Клиническая картина.Основные клинические синдромы:
1. Синдром костной патологии. Пролиферирующие в костном мозге миелоидные клетки приводят к активации остеокластов с разрушением костного вещества. В первую очередь, деструктивные процессы развиваются в плоских костях: позвоночнике, своде черепа, ребрах и т.д. Боли в костях, опухолевые образования при пальпации, переломы – классическая триада, характерная для больных миеломной болезнью в поздних стадиях. При локализации очагов остеолиза в верхнегрудном отделе позвоночника развивается нижний парапарез или параплегия. Рентгенологически поражение костной ткани проявляется в виде генерализованного остеопороза, единичных или множественных очагов остеолиза. Наиболее характерны изменения в костях черепа: отдельные дефекты выглядят, как «череп, изъеденный молью» или «череп с пальцевыми вдавлениями».
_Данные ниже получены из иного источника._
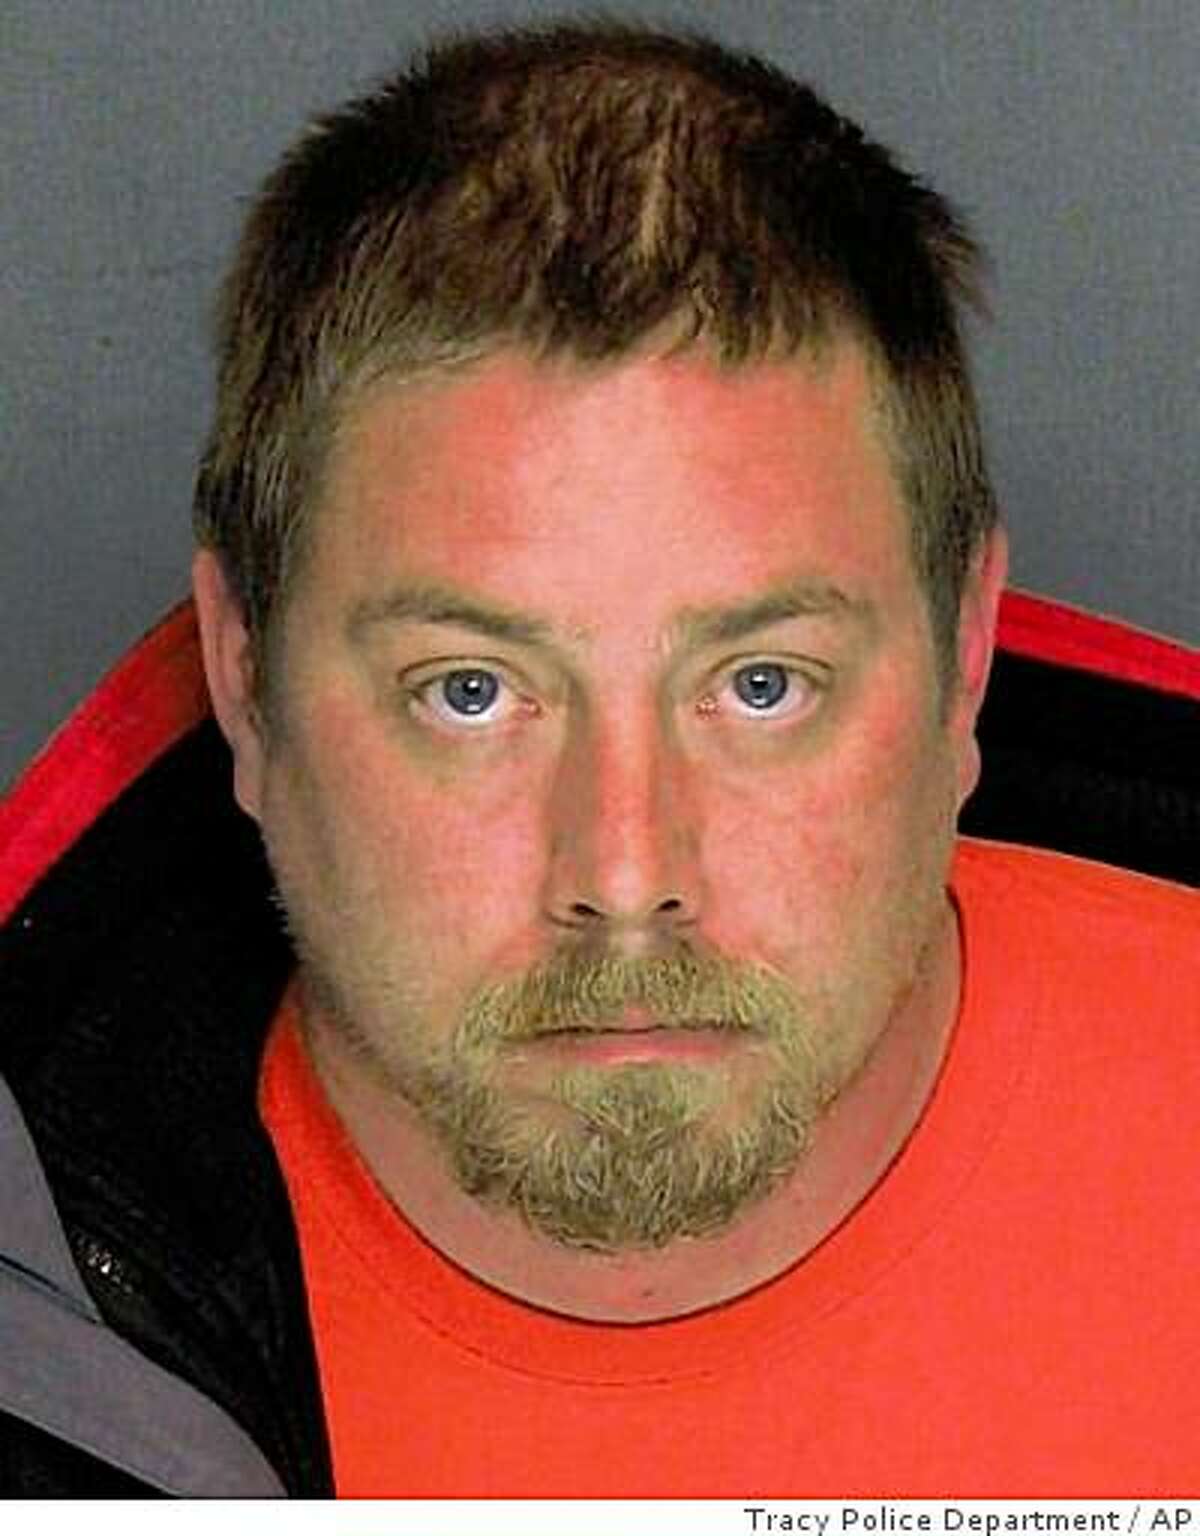 In this handout photo provided by the Tracy Police Department, the booking mug for Michael Schumacher, 34, is shown. Schumacher, and wife Kelly Layne Lau, 30, were arrested late Monday, charged with torture and other counts after a bruised, terrified 17-year-old showed up at a gym with a chain locked to his ankle, claiming he had just fled his captors, authorities said Tuesday. (AP Photo/Tracy Police Department)

2. Синдром белковой патологии. Характерна диспротеинемия за счет выработки патологических моноклональных иммуноглобулинов (PIg), значительного снижения уровня нормальных, что проявляется повышенной склонностью к бактериальным инфекциям. Наиболее частое и серьезное проявление парапротеинемии – миеломная нефропатия. В патогенезе главную роль играет белок Бенс – Джонса, повреждающий канальцевый эпителий. Клиника складывается из упорной протеинурии, постепенно развивающейся почечной недостаточности.
3. Висцеральные поражения. У 5-13% больных выявляется гепато- или спленомегалия.
4. Периферическая нейропатия. Проявляется нарушением тактильной и болевой чувствительности, парестезиями, мышечной слабостью.
5. Синдром повышенной вязкости крови характеризуется кровоточивостью слизистых оболочек, геморрагической ретинопатией, нарушением микроциркуляции в сосудах головного мозга.
Лабораторная диагностика.Картина крови: нормохромная анемия, увеличение СОЭ. В протеинограмме крови отмечается увеличение количества общего белка (более 90г/л), гипергаммаглобулинемия, обнаружение PIg при помощи электрофореза сыворотки в виде узкой полосы моноклонового белка в зоне миграции γ – α2- глобулинов (М-градиент).
Анализ мочи: протеинурия, обнаружение белка Бенс-Джонса.
Исследование костного мозга: плазмоклеточная инфильтрация костного мозга – плазмоцитов более 15%, нередко плазматические клетки аномального строения.
Лечение.
1. Химиотерапия;
2. Рентгенотерапия узловых форм;
3. Лечение осложнений.
Прогноз.Современная терапия значительно удлинила сроки жизни больных миеломой. При адекватном лечении продолжительность жизни больных с момента установления диагноза достигает 7 и более лет.